- What needs to be done
With pictures excluded, repeat exactly the lines from the one containing "Alternate Image 1" through the last line of the material below.

- Collected data
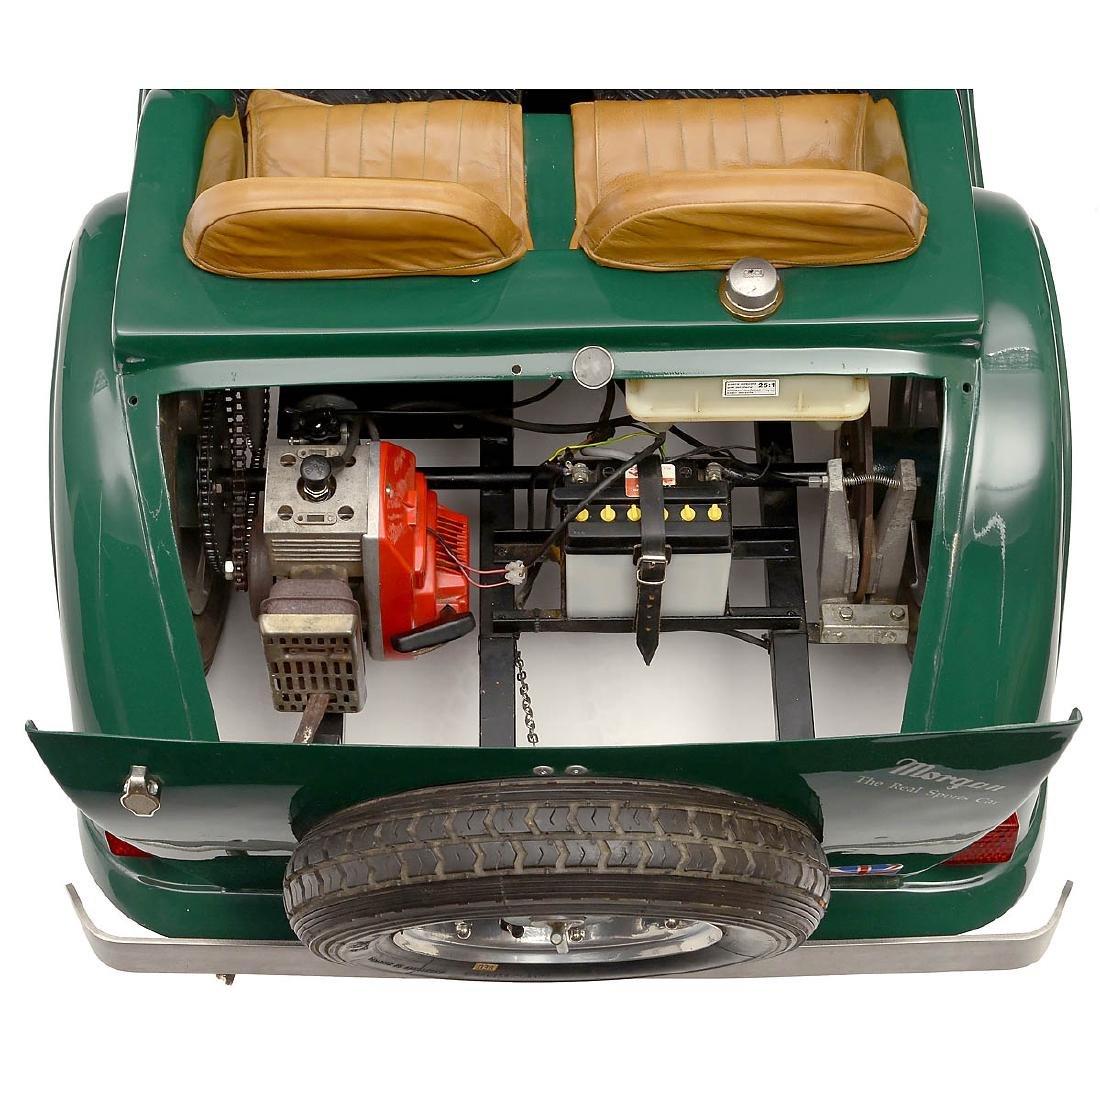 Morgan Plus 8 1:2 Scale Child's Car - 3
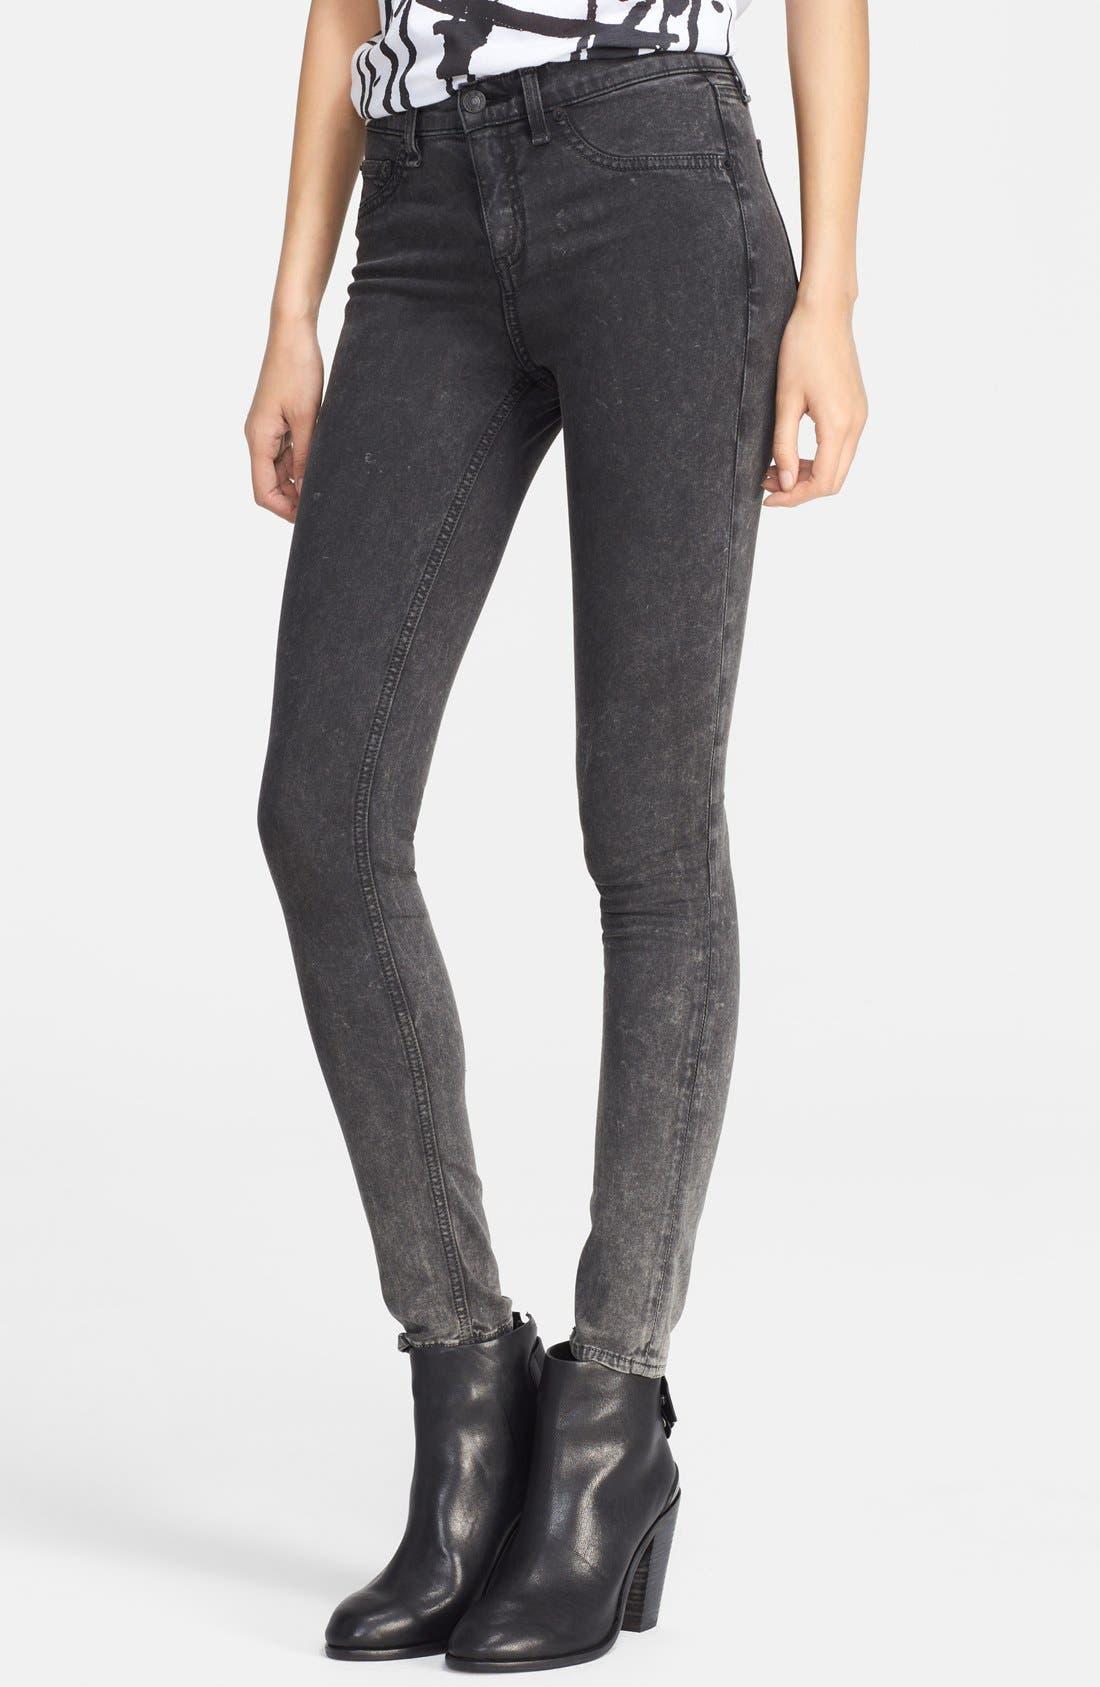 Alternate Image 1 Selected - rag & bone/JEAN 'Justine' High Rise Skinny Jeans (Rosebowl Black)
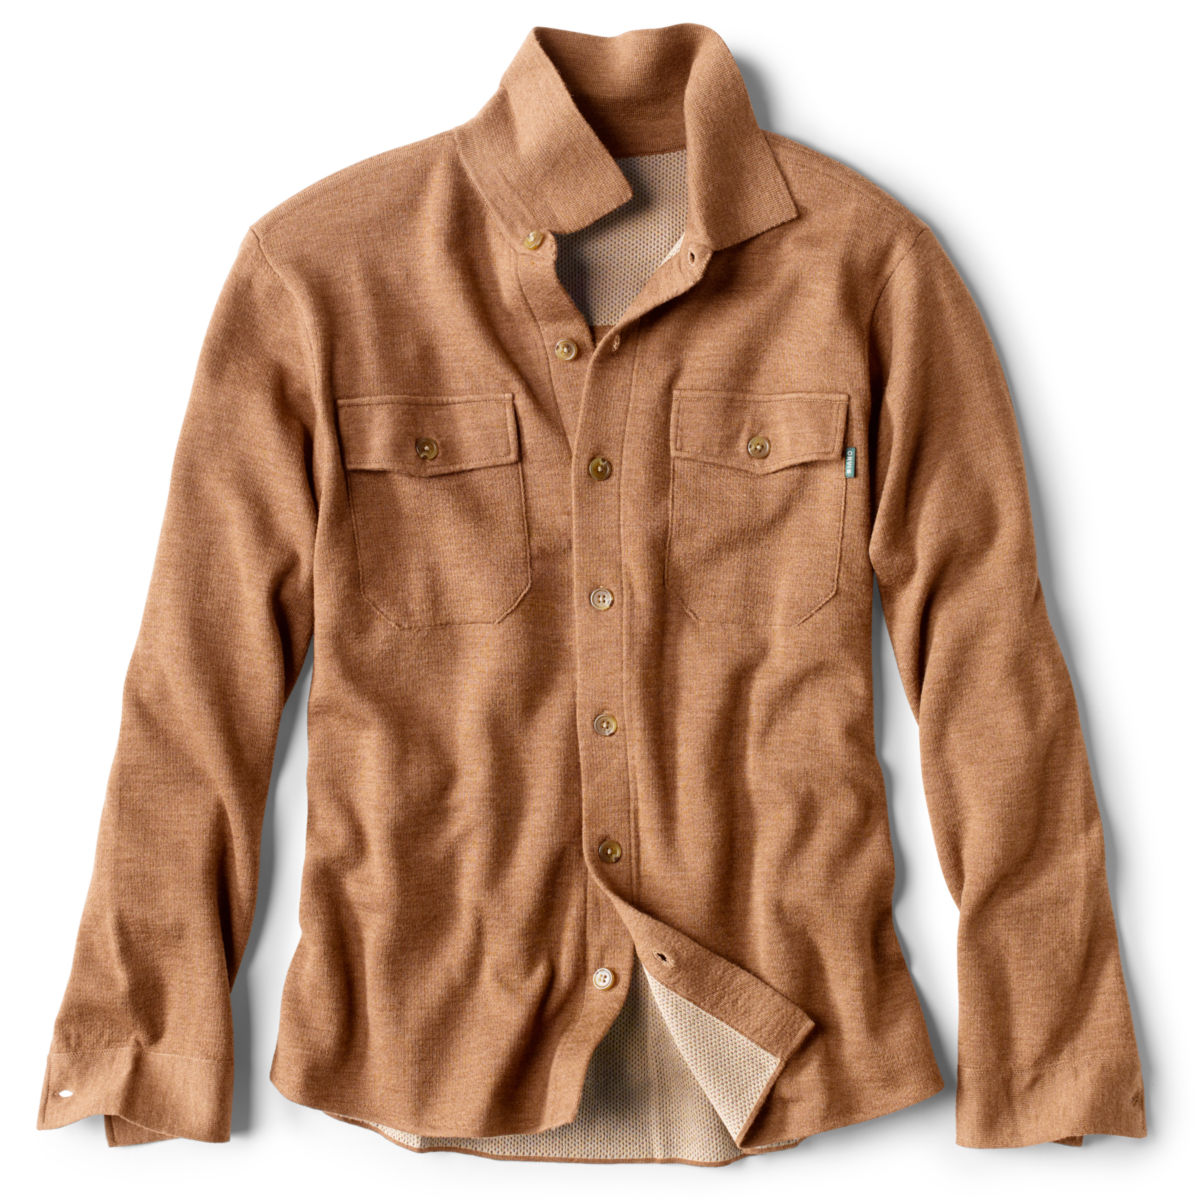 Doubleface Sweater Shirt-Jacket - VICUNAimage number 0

- Result for this exercise
 Alternate Image 1 Selected - rag & bone/JEAN 'Justine' High Rise Skinny Jeans (Rosebowl Black)
 Doubleface Sweater Shirt-Jacket - VICUNAimage number 0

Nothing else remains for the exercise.